Holland’s Pies aren’t great by any stretch of the imagination, but you can’t claim to be a chippy in the North West if you sell pies by any other outfit. Some people won’t go into a place which sells Pukka Pies, as they believe that it betrays either the inferior tastes of the head fryer or a lack of attention to detail. Just for clarity, flaky pastry has absolutely no place on an sort of pie, and I’m fully with them.

Chips shops are in my blood. Cut me open, and alongside plasma, platelets and whatnot, you’ll find a load of deep fried comestibles. My Nana Meg and Grandad Herbert used to have a chippy in Beswick, long since bulldozed in the slum clearances of the 60s. Eric Stewart, who would later go on to form 10cc, was a regular when he was a kid, although my grandad (actually, great-grandad) thought he was a ne’er do well who would never amount to anything.

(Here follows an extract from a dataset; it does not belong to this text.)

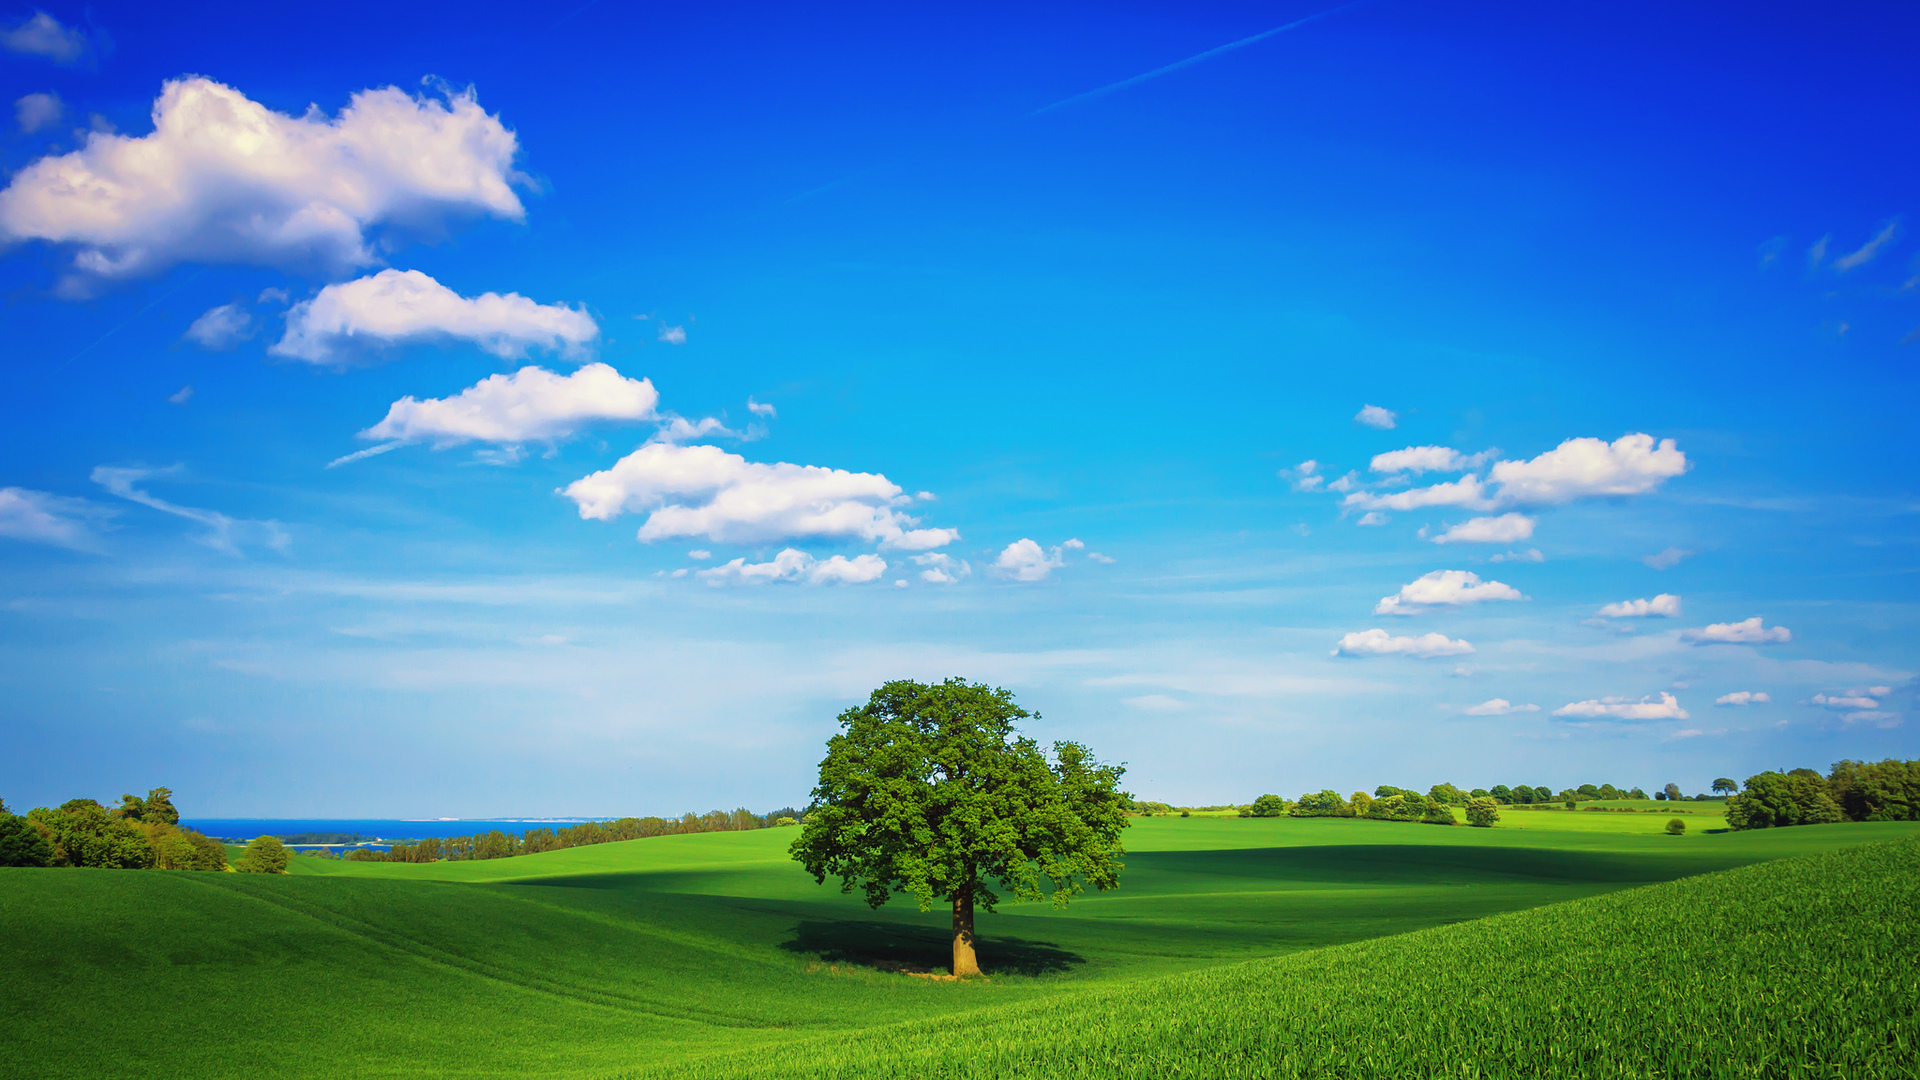 природа небо облака деревья поле nature the sky clouds trees field  № 243716 без смс

A bit of a ducker and diver himself, Herbert did have a non-stop work ethic which I’ve definitely not inherited. He’d start his fruit and veg round at daft o’clock in the morning and be back at the chippy with Meg in time for the dinner shift. He’d also bring his cart horse back with him, who would apparently walk in through the kitchen, stick his head through the serving hatch and be fed a daily pickled egg as payment.

I never did ask, but I’d be astonished if they didn’t sell Holland’s.

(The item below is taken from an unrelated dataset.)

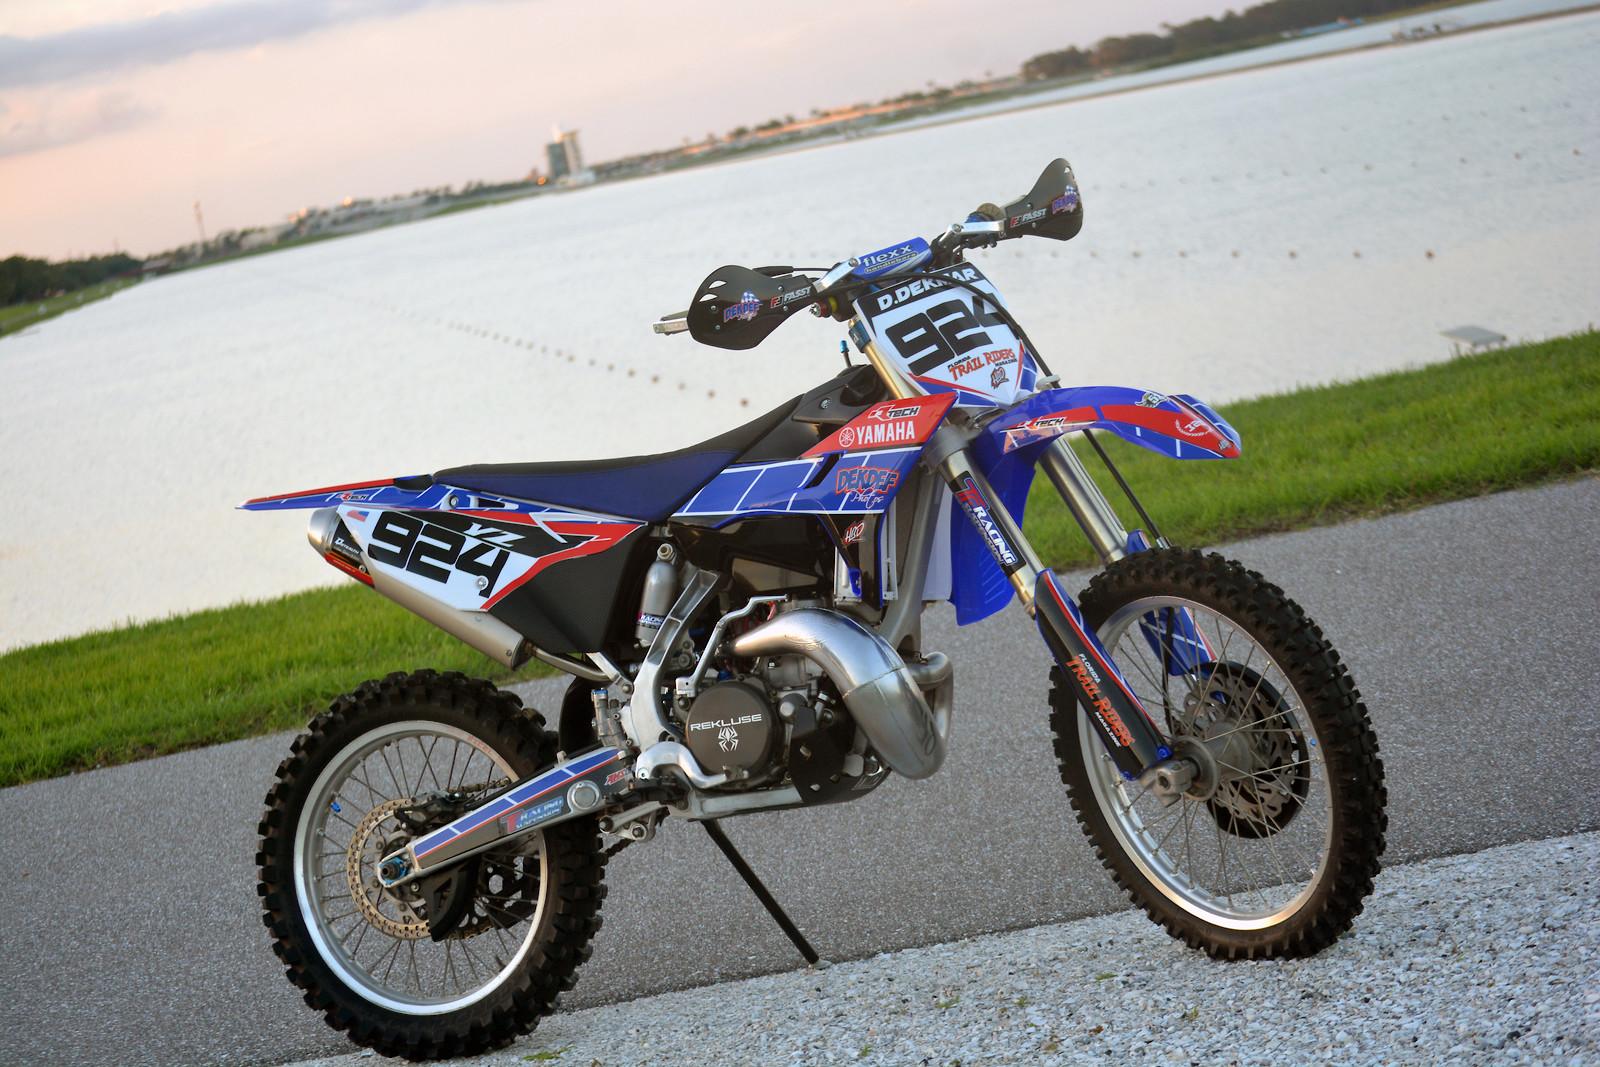 2005 YZ250
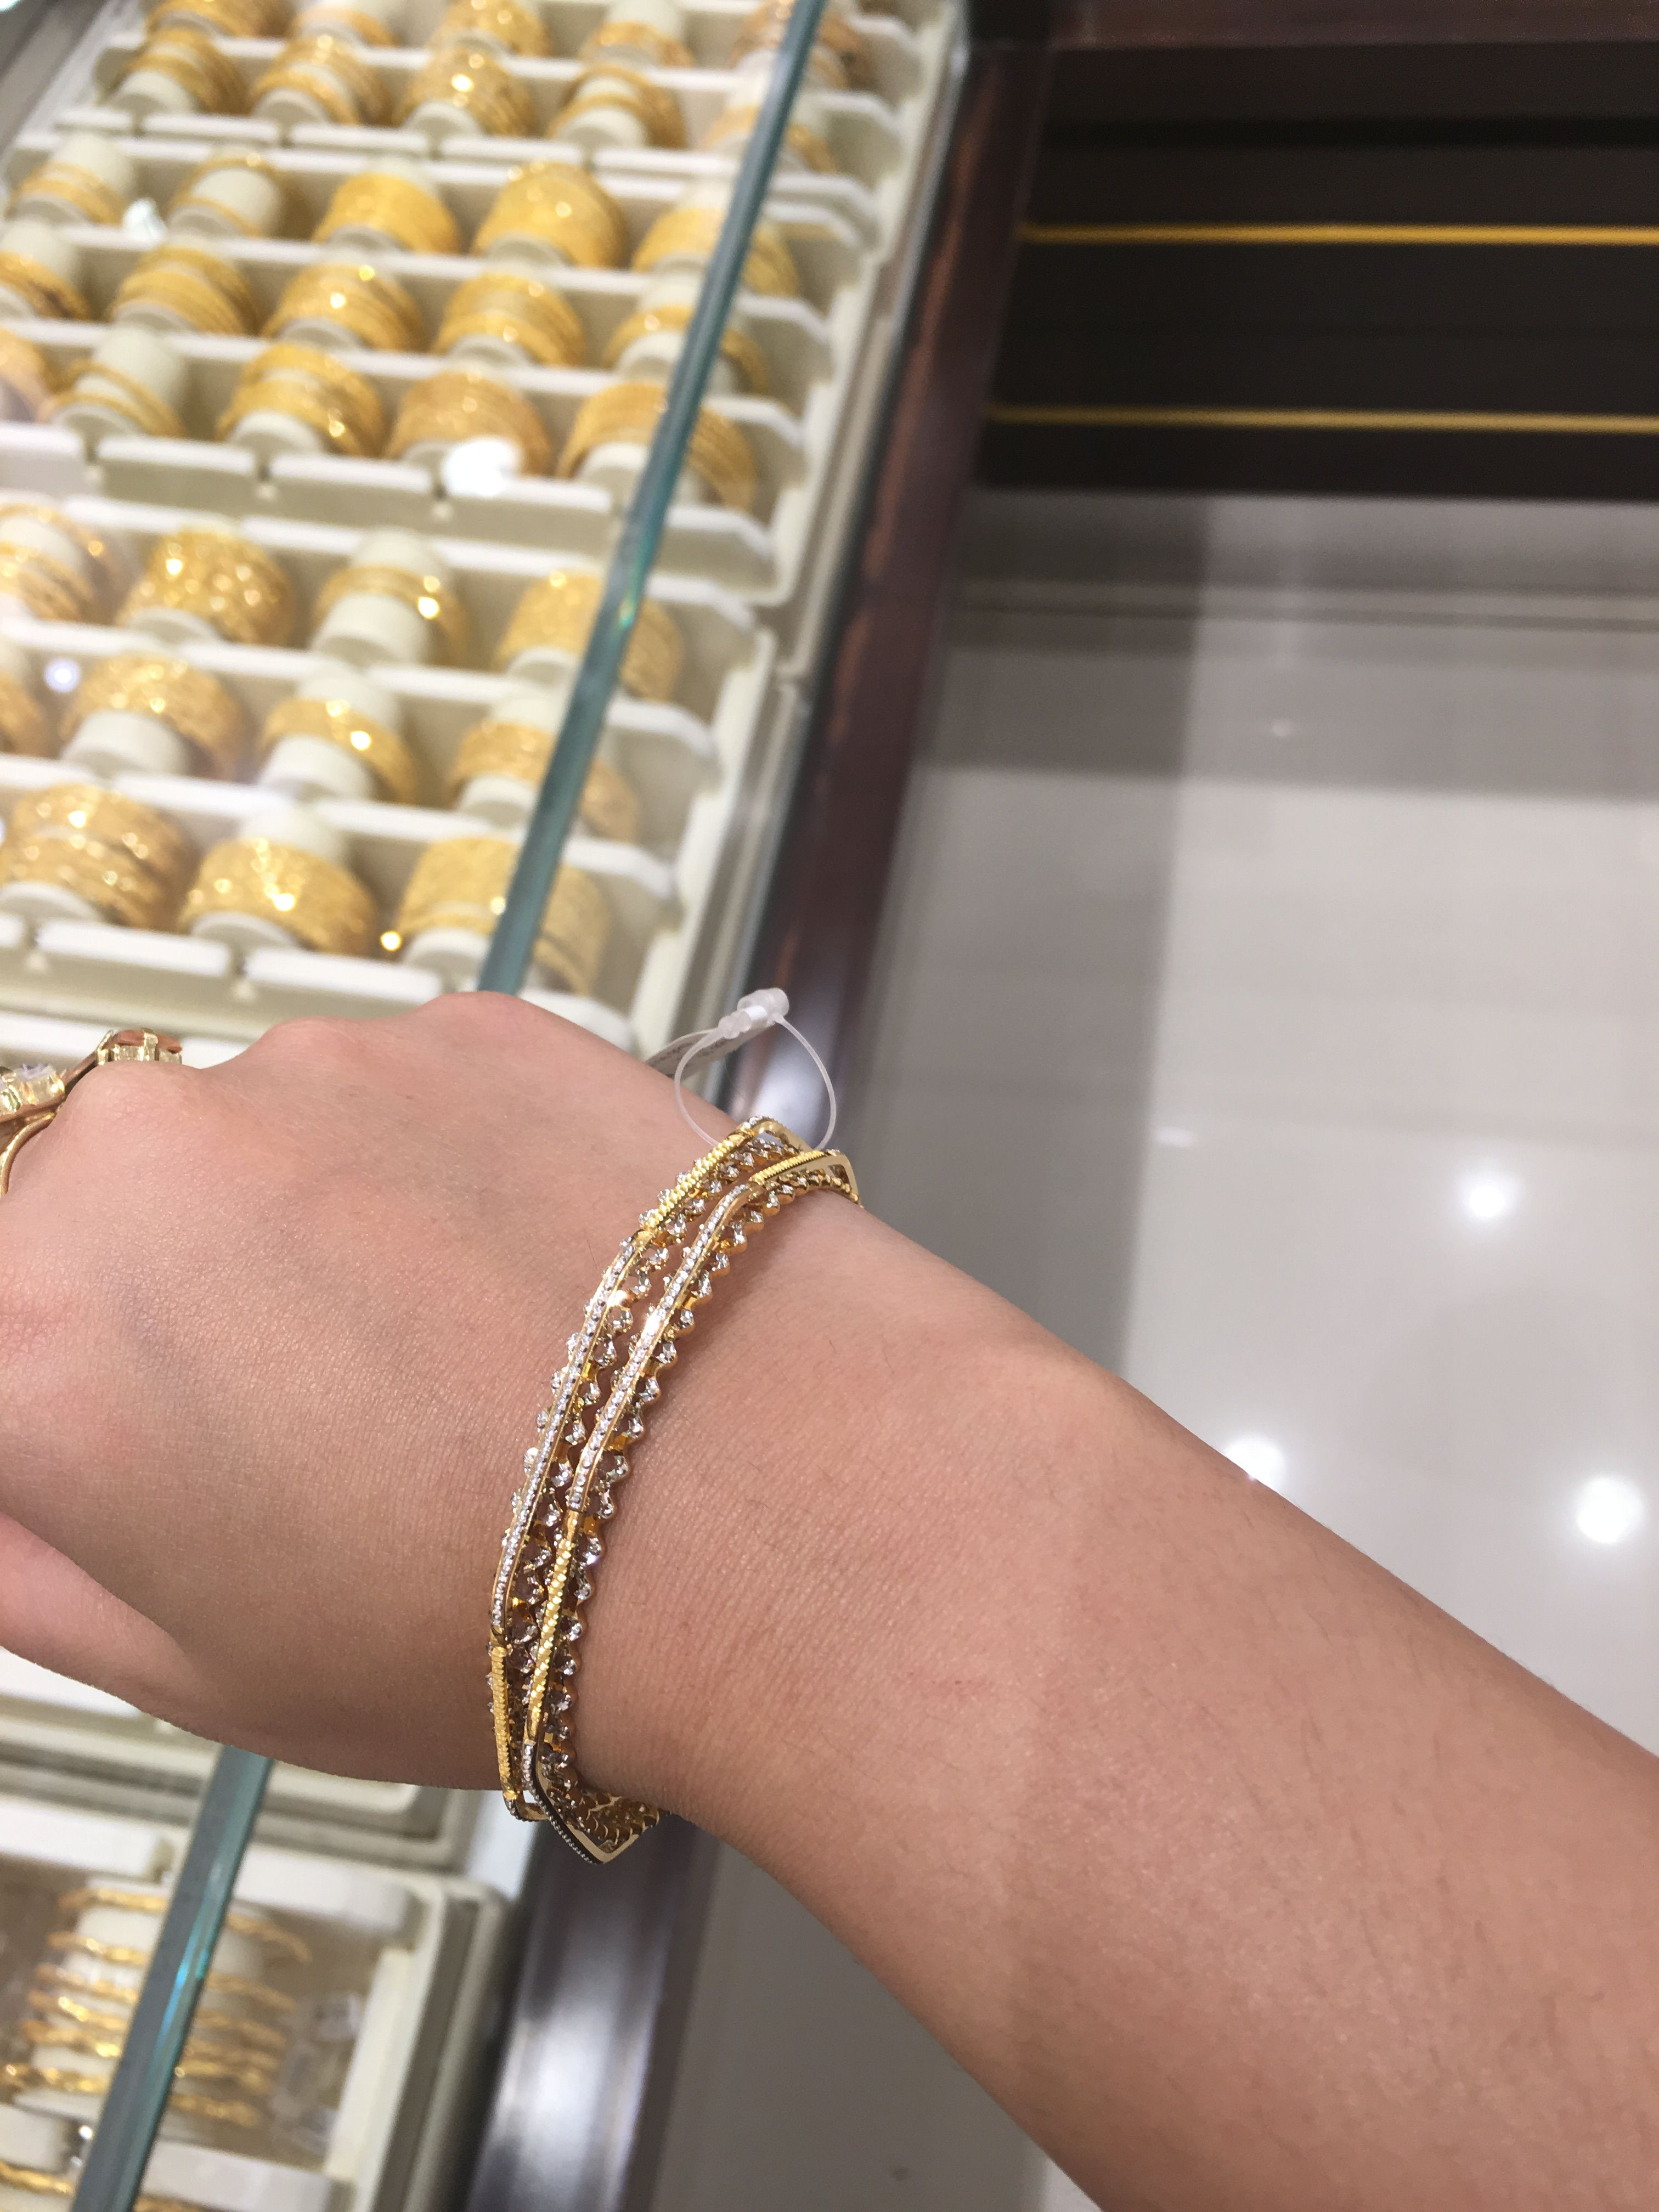 Dubai bangles my jwellery passion pinterest dubai bangle and

It’s a pleasant descent into Accrington, juddering past the Haworth Art Gallery which glazing fans will know houses the largest collection of Tiffany glass outside the US. It was gifted to the museum by local lad, Joseph Briggs, who’d emigrated and worked for the company for 40 years, and sent his collection (which he’d presumably sneaked out of the factory in his lunch box) home in 1933.

Accrington seems to have its fare share of shuttered shops and prorogued pubs, with even the promise of £2 pints on Monday to Thursday not being enough to rescue the Hope & Anchor. However, its streets are busy on the run to the bust station, and you suspect that it’s a case of survival of the fittest rather than any terminal decline.